B. The patent notes the use of a diskless system so that the actual intent of the patent can focus on media on the hard drive and the management of the data speed between it and the RAM.  That doesn't mean their next system is diskless.  I've already told you that they do this all the time.  ALL patents do this.  ALL of them write the environment of the patent in a way to draw better focus to the actual content of the patent.  You (and the games media who have never gotten a patent right to begin with) are focusing on that environment portion of the patent and completely ignoring the actual patent itself.

Again, go read it.  And read other Nintendo patents. And Sony, MS, LG, Samsung, etc...

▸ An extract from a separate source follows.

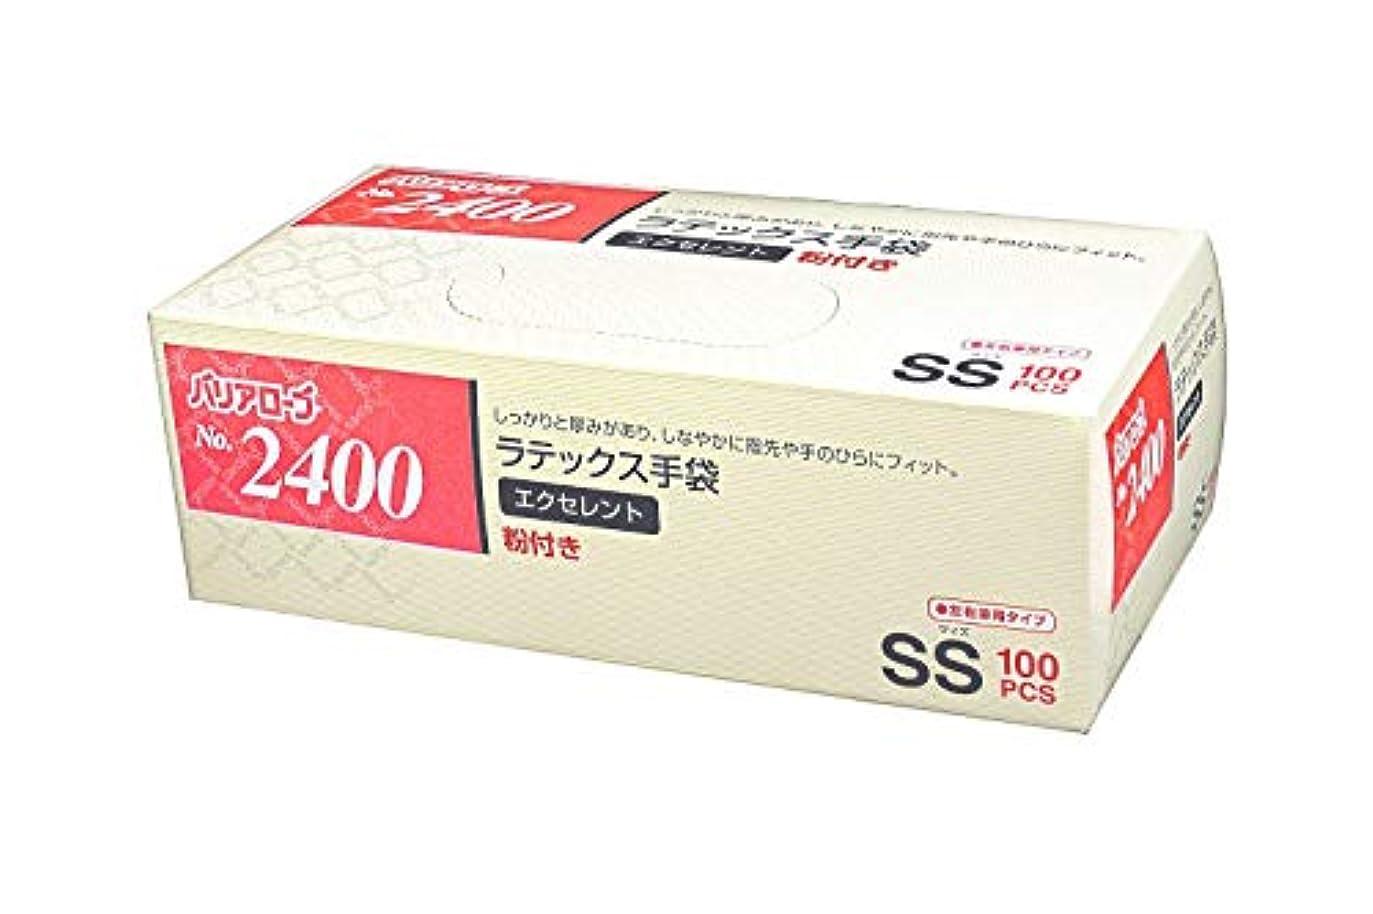 純度支配する郵便番号【ケース販売】 バリアローブ №2400 ラテックス手袋 エクセレント (粉付き) SS 2000枚(100枚×20箱)

1. I am imagining it, and the average granny will have no issue buying that voucher. You're acting like it'll be some obtuse product. It will be the exact same purchasing process as buying a physical game. You go in the store, see the game on a shelf, pick it up, walk to the clerk, and buy the game. Have you ever purchased a download code before? You're acting like this is black magic. The granny probably won't even realize she bought something different than a physical game. Apple expanded their consumer base by offering only one - digital. Now they are the biggest brand in the world. Nintendo will do the same.

2. I am.

  • A. I haven't. I just am not going to entertain a notion as absolutely absurd as a company in 2016 going against all modern practices to produce a unified platform who's primary form of media is cartridges. Diskless does mean digital only, because there is absolutely no benefit to dropping disks for carts, which is why no successful software platform company, in any media across the board, uses them as their primary form of media, let alone physical media.
  • B. Yes, it does. If the patent was meant to include a feature they didn't plan on dropping, they would not have dropped it while explicitely pointing out that they were dropping it. I don't need to read it again. The intents were perfectly clear the first read through.